Many ads manage to create a world around their brand, but it can be like this world is hidden behind glass, with consumers unable to enter into or interact with this world. Chatbots allow a brand to essentially give consumers a guided tour around a branded world, sometimes literally as with:

 

AKQA London's Terminal Tours for Call of Duty: Infinite Warfare. In the lead-up to the game's November release, the agency drew attention to the game's galaxy via GIFs and rendering of the various locations used in the game. Not only did this act as a great teaser for a hugely anticipated game, but it enforced the interactivity that for many people spending their evenings shouting obscenities into a headset was the game's best feature.

 

3. Expand the brand

 

Chatbots are regularly being used anywhere where the giving out of information can be automated, with the tech perfect for, for example, telling people information about their flights.
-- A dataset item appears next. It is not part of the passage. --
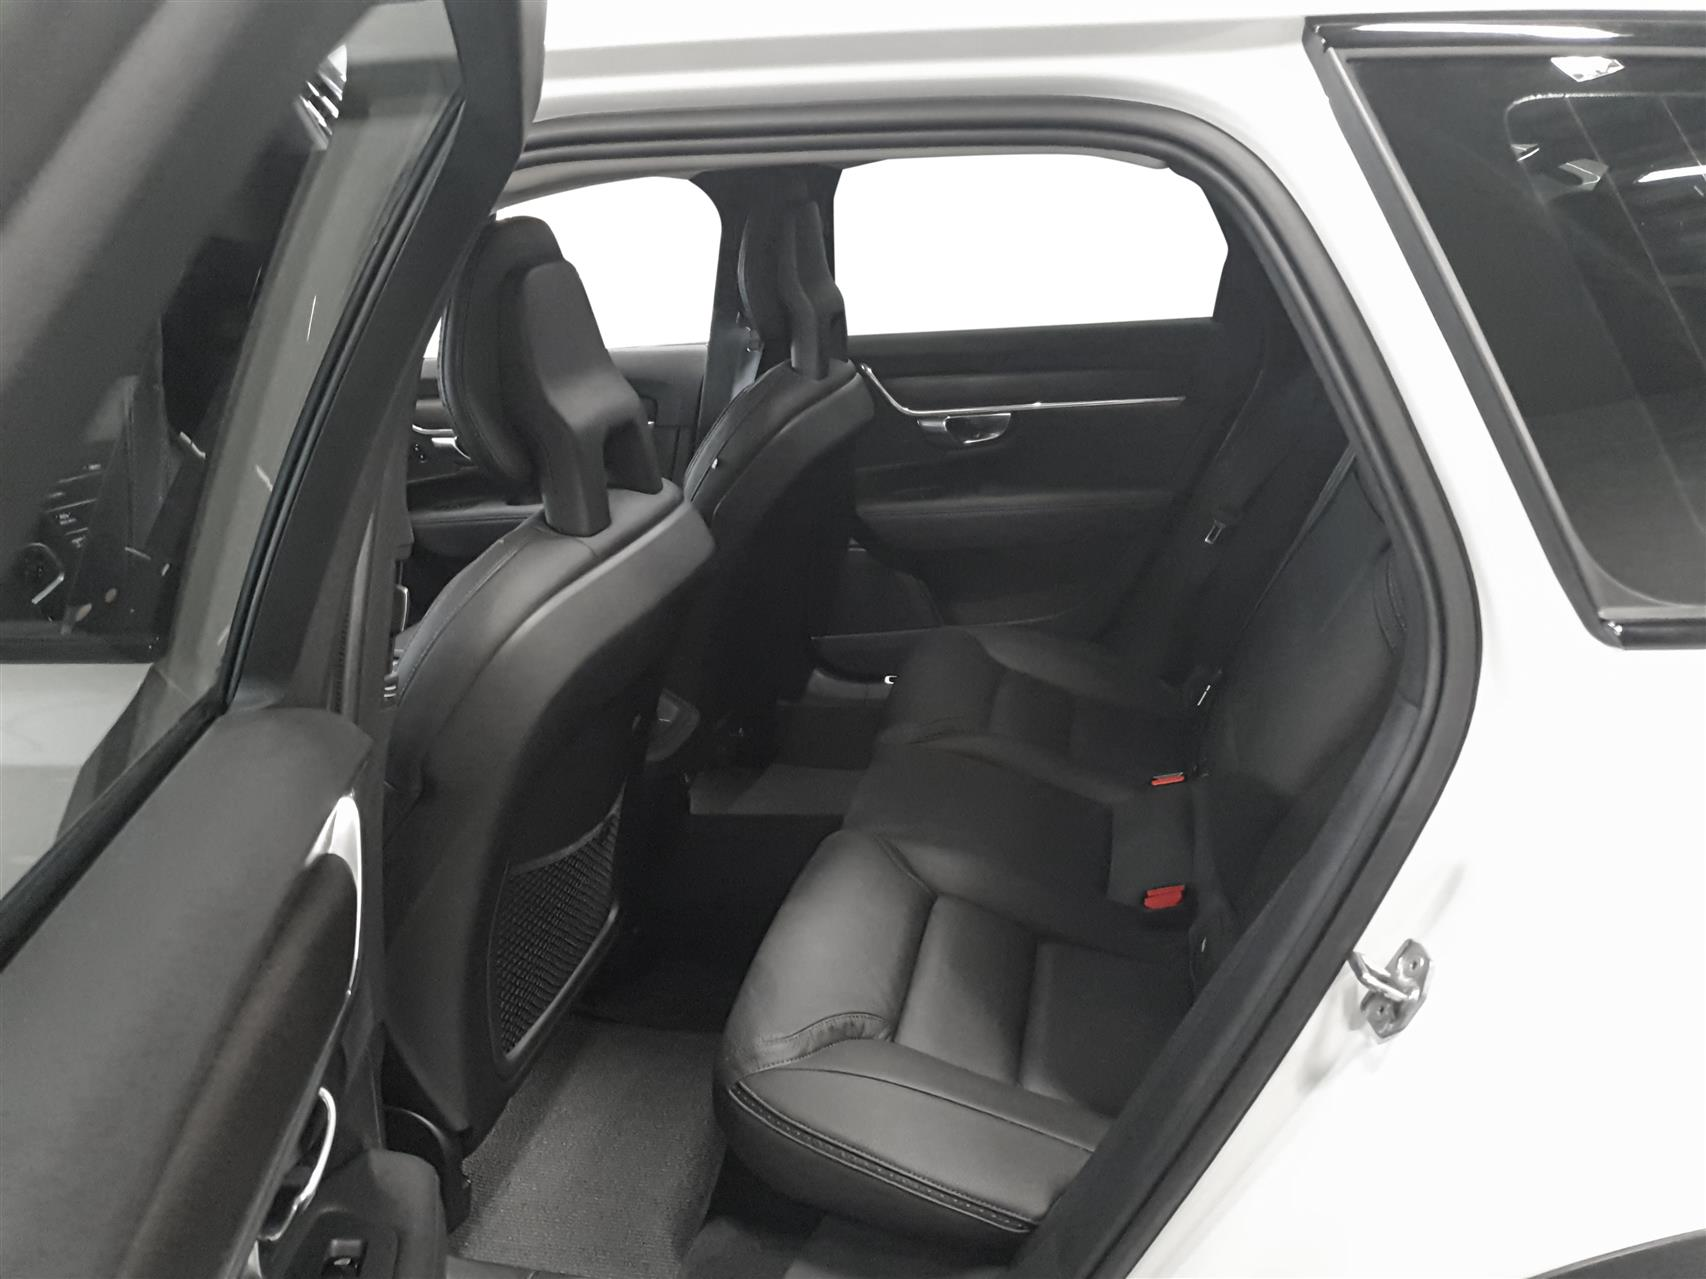 2,0 T5 Pro AWD 254HK Stc 8g Aut. image4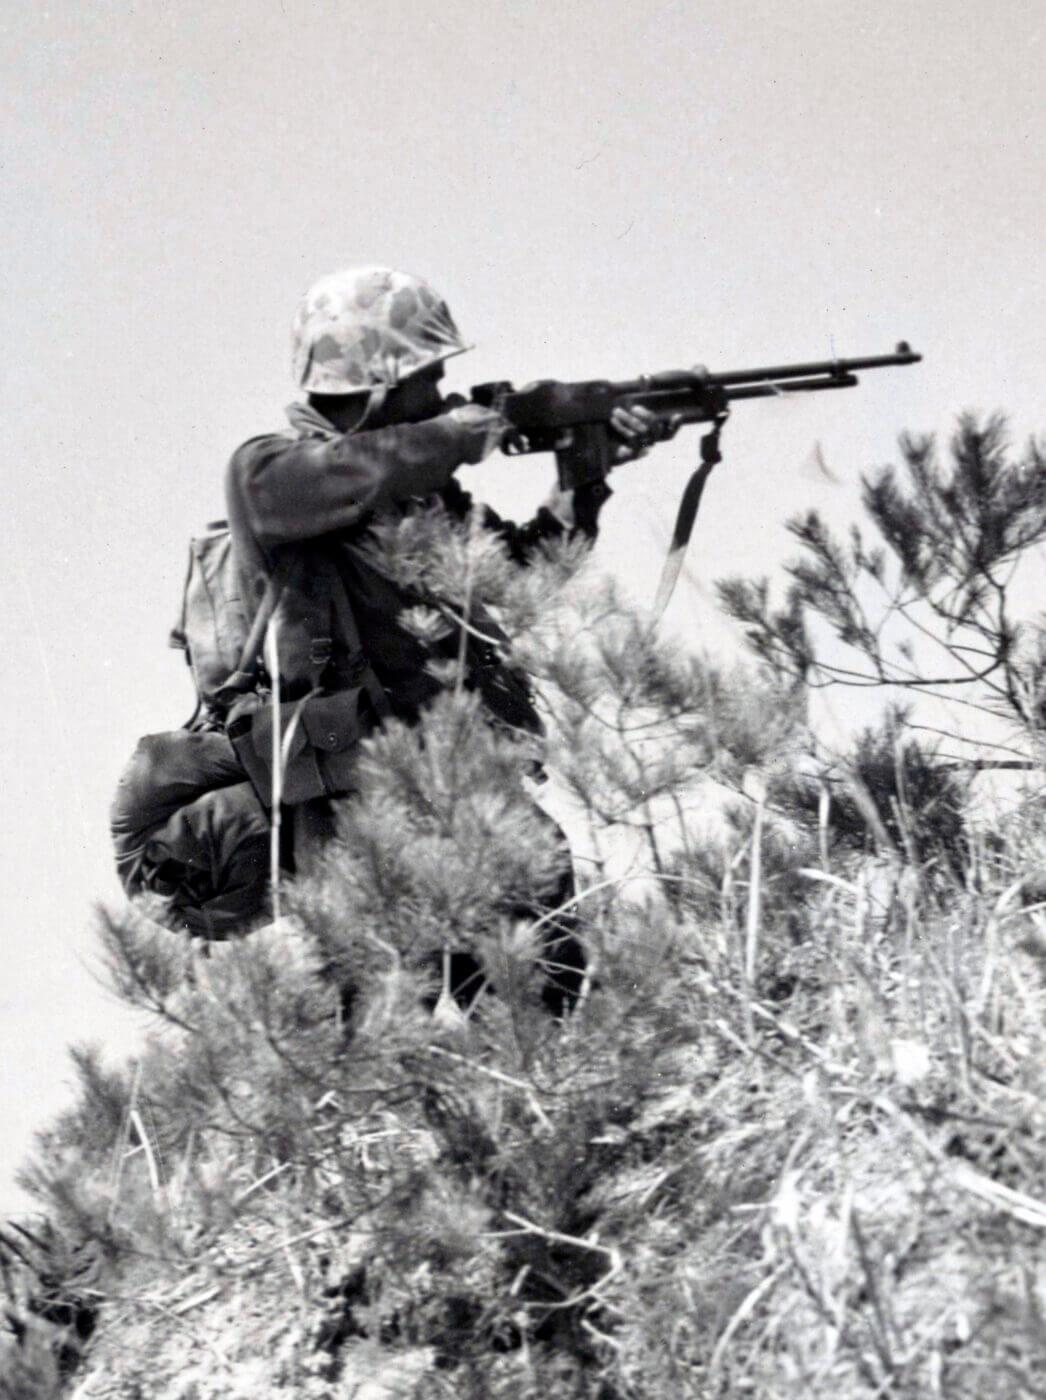 BAR rifle in Korea

From this basis, however, some brands have started to offer additional services that would have been too time-consuming to offer if a person had to do them.

 

 

Prime example of this is Code d'Azur's work with KLM. Users who send certain emojis to the airline's Facebook Messenger will receive reccomendations for the city they're in. Send the KLMBot a pizza emoji, for example, and it will send you Italian restaurant recommendations, or sending it the cash emoji will show you the closest ATM to your location.